The original Peruvian Communist Party, affiliated with the Third International and loyal follower of the Leninist ideology of the Soviet Union had become a bureaucratic apparatus, an active collaborator with the so-called “progressive bourgeoisie.” But the rift between the CPs or China and Moscow had repercussions on most of the radical left in Peru, as well as in the rest of the Third World. Abimael Guzman, a professor of Philosophy at the University of Huamanga (Ayacucho), fought inside the Moscow-oriented CP of Peru to follow a more radical line. In 1969 he was expelled from the party, and Guzman and his followers found a Maoist faction, reclaiming the name of the Communist Party of Peru for themselves.

Fire In The Andes!

The political parties of Peru were not ready for the offensive of Sendero Luminoso. Elections in 1980 were more or less normal, except for the minor inconvenience of the Maoist group in Ayacucho launching its first military operation. By the 1985 elections, won by APRA, Shining Path had devastated the capital of Peru with constant assaults on the police, bombings and mobilizations of its cadres in the slums, the “pueblos jovenes.” The European-oriented APRA party was, not only totally incapable of resolving the crisis, but actually precipitated in an orgy of corruption, petty revenge and sporadic brutal attacks on the regions where Shining Path operated. The Army routinely massacred thousands of peasants in Ayacucho, Alto Huallaga, Puno and other Andean points of resistance. To no one’s surprise, the armed forces became deeply involved in the ‘protection’ of the coca business organizations, both local and from abroad.

The violence of Sendero Luminoso, its irreducible dogmatism, and, especially, its mystical reverence for Presidente Gonzalo’s thought gives the movement a formidable image as an uncompromising political ideology. Peruvians have always managed to, somehow, combine political theories into civilized arrangements that have made Socialists of the Army or fashionable Communists of the children of the rich. Shining Path, however, is different, and perhaps, that is its biggest weakness.

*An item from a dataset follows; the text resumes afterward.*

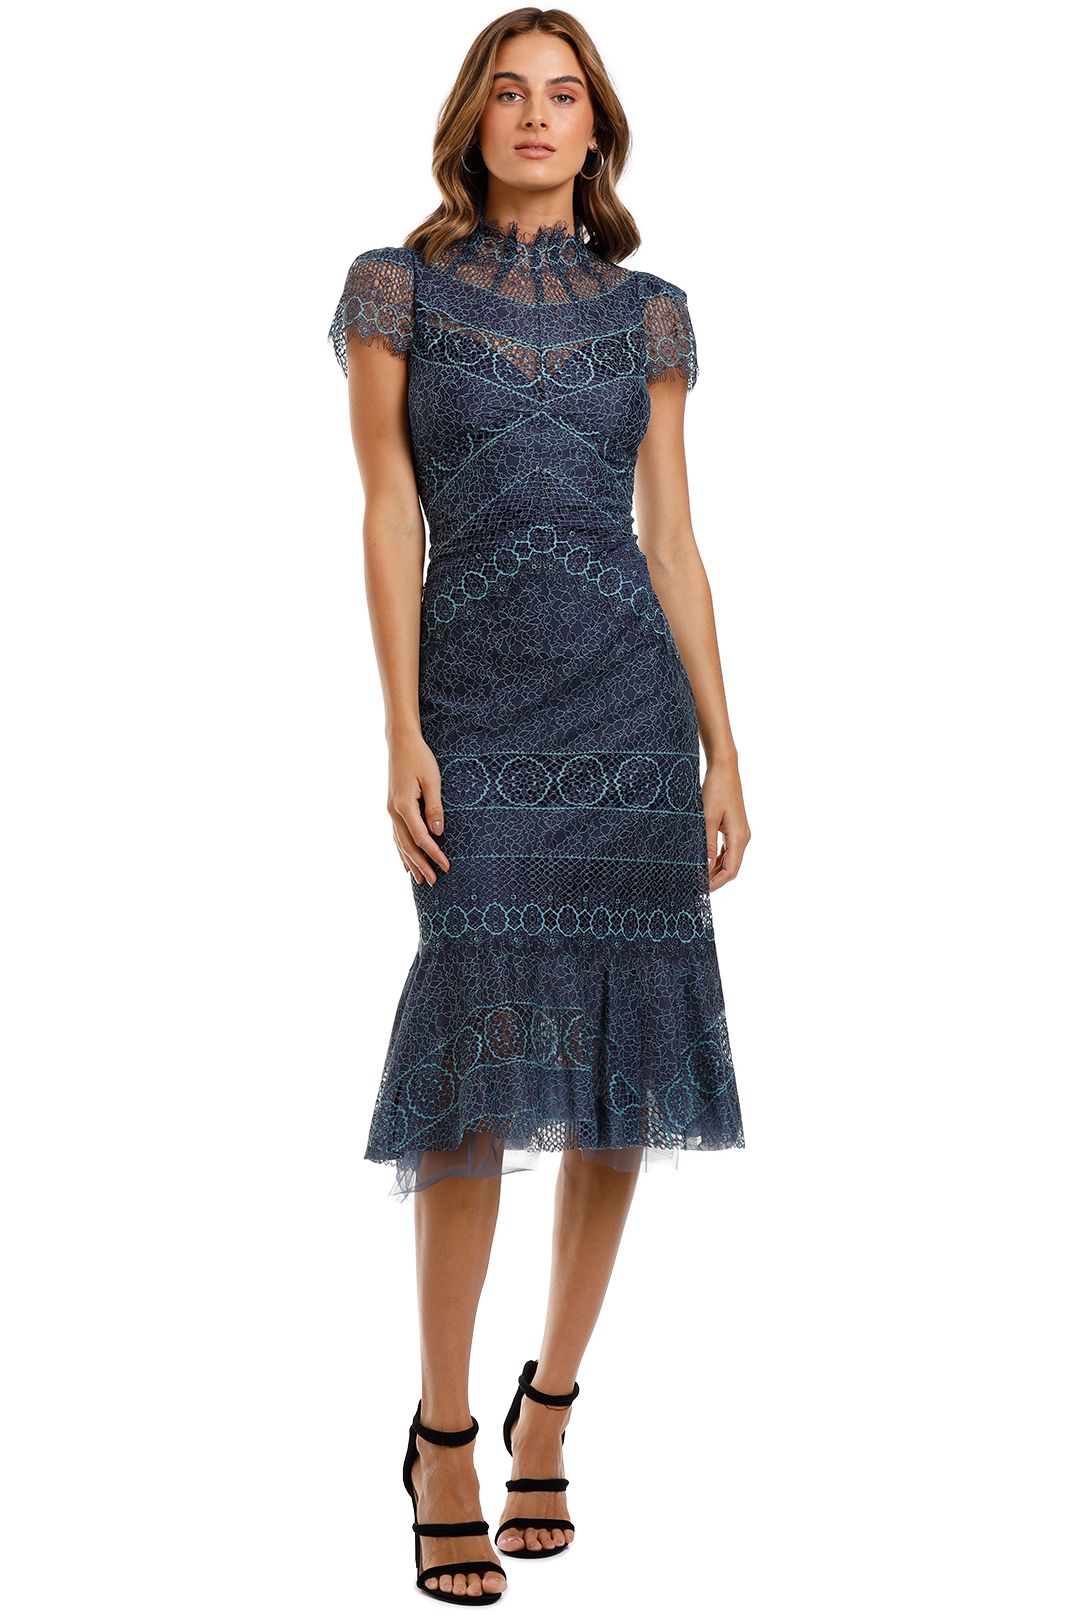 Moss and Spy Riviera High Neck Dress Navy Tulle

It has been said many times that people with deep religious feelings cannot become capitalists or communists in their many forms. Peruvian middle classes are strongly indoctrinated in Catholicism. By and large, the peasants still keep the old pantheism of the Incas. Shining Path tries to define Peru as a peasant society, separated and segregated from the rest of the world. In the desolated mountains of the Andes, deep in the jungle, even in the small towns around Cuzco, Puno and Ayacucho, that vision of the country seems real, almost a justification for recreating the glory of the Inca Confederation. But neither Maoist ideology nor a nostalgic conception of history is adequate to solve the problems of Peru. With a population of twenty million, heavy external debt and pressure from the IMF, and the tutelage of the United States, the country cannot escape the ups and downs of the current world economy. If capitalism is trying to survive and retain its hold on Third World countries, Peru is a terrible example of future conflicts.

Guerrillas And Romance

When the news of armed struggle in Peru started to appear in the world press, there was, at first, a very sympathetic response. Especially among social agencies, Church workers and liberal intellectuals who decried the poverty of Peruvian peasants. The social horror of Peru’s misery had attracted the attention of the international press, observers and hopeful radicals.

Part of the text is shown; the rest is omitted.